The answer given by Jeff Reback was exceptional and is commonly referenced as the way to work with very large data sets in Pandas. The question was framed around a desire to move away from proprietary software which handled large data sets well, and the only thinking keeping this person from making the leap was not knowing how to process large data sets in Pandas and NumPy.

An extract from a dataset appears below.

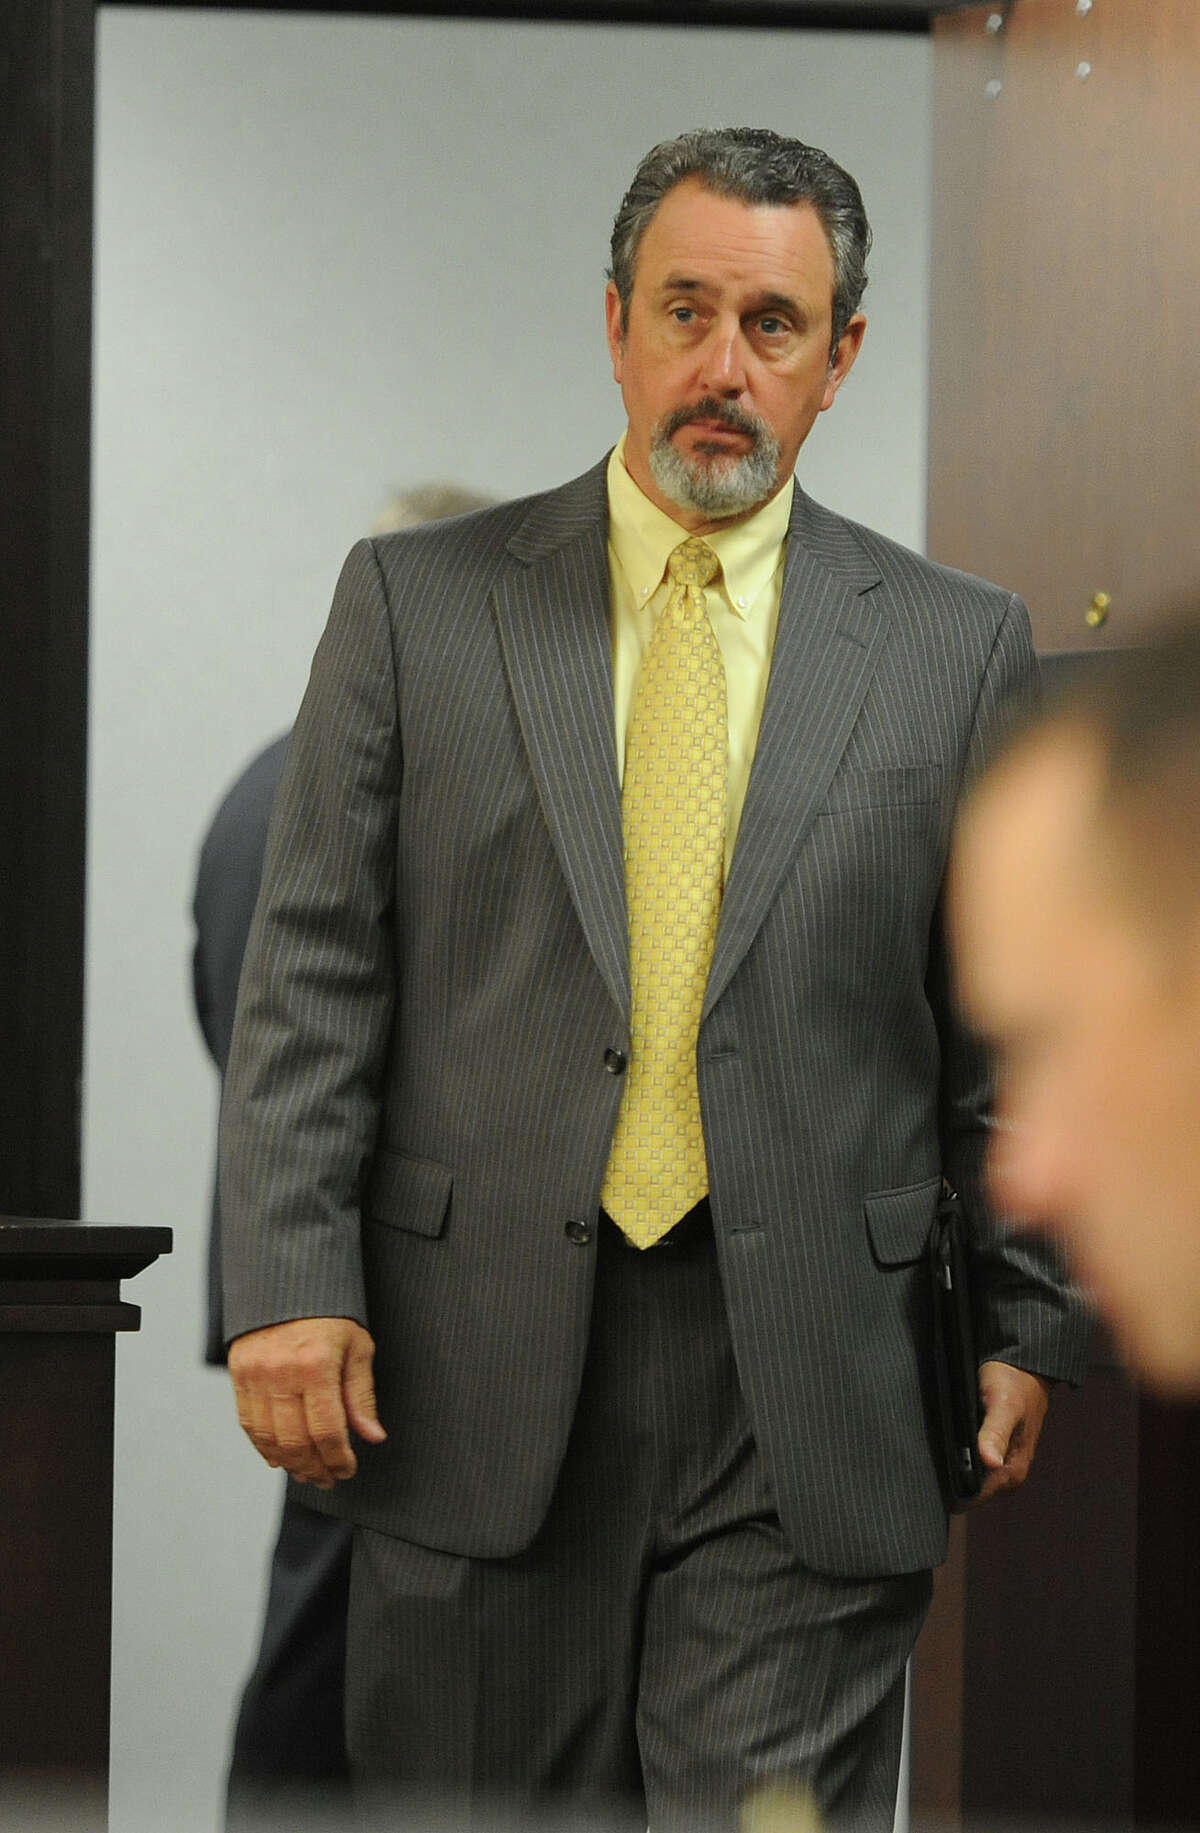 Jefferson County Sheriff Mitch Woods enters the courtroom just before the second day of trial begins in a Galveston County courtroom on Tuesday. Granger stands trial for the 2012 shooting of Minnie Ray Sebolt at the Jefferson County Courthouse. Photo taken Tuesday, April 23, 2013 Guiseppe Barranco/The Enterprise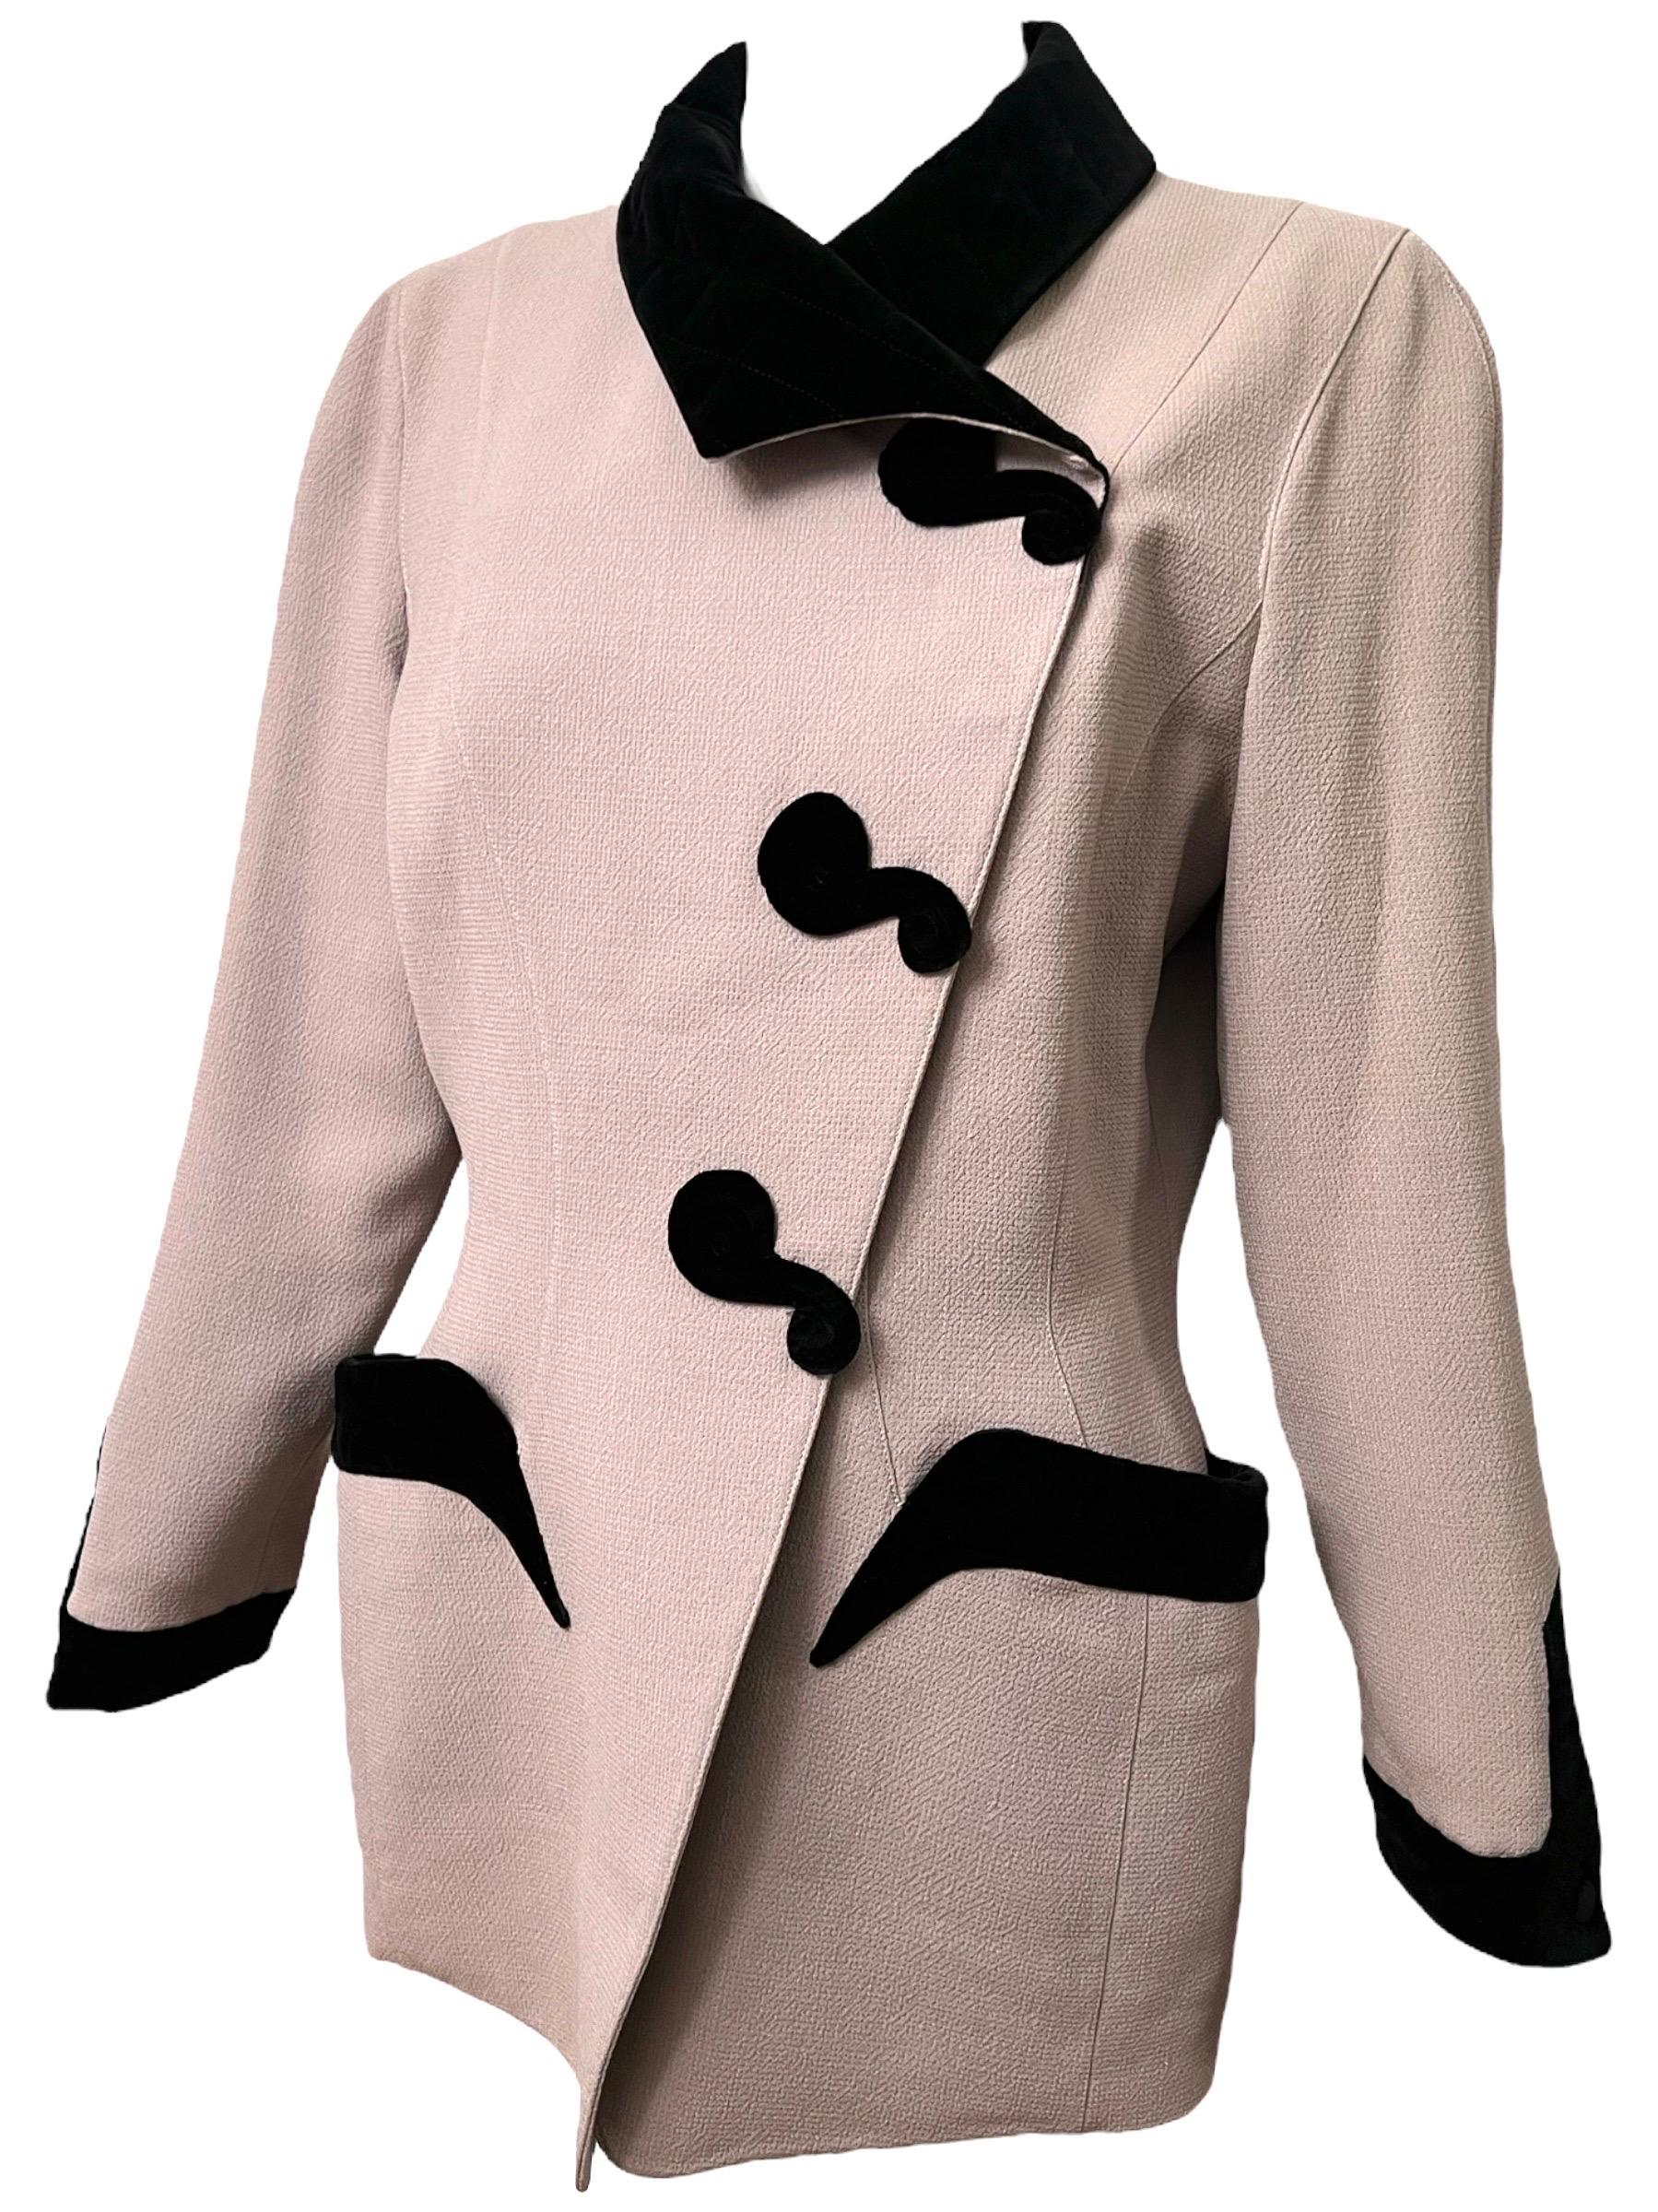 F/W 1993 Thierry Mugler Cream Wool Black Velvet Trim Runway Jacket In Excellent Condition For Sale In Concord, NC

Using the scenario outlined, one can easily use tens of GB of file data using the high-performance HDF5 data structure. Pandas provides documentation on its use of HDF5 in the "I/O" section of its docs site. Jeff provides the following question to consider when defining a workflow for large data files in Pandas and NumPy:
Jeff's response boils down to a few core concepts:
Hierarchical Data Format is a set of file formats (namely HDF4 and HDF5) originally developed at the National Center for Supercomputing Applications to store and organize large amounts of numerical data. (Some may remember NCSA as the place where they downloaded their first graphical web browser, code which is the ancestor not only to the Netscape web browser, but also Internet Explorer. A web server was also created there, and this evolved into the Apache HTTP Server.)
HDF is supported by Python, R, Julia, Java, Octave, IDL, and MATLAB, to name a few. HDF5 offers significant improvements and useful simplifications over HDF4. It uses B-trees to index table objects and, as such, works well for write-once/read-many time series data with common use occurring across fields such as meteorological studies, biosciences, the finance industry, and aviation. HDF5 files of multi-terabyte sizes are common in these applications, typically constructed from the analyses of multiple HDF5 source files, thus providing a single (and often extensive) source of grouped data for a particular application.
The PyTables library is built on top of the Python HDF5 library and NumPy, thus not only providing access to one of the most widely-used large-data file formats in the scientific computing community, but then links data extracted from these files with the data types and objects provided by the fast Python numerical processing library.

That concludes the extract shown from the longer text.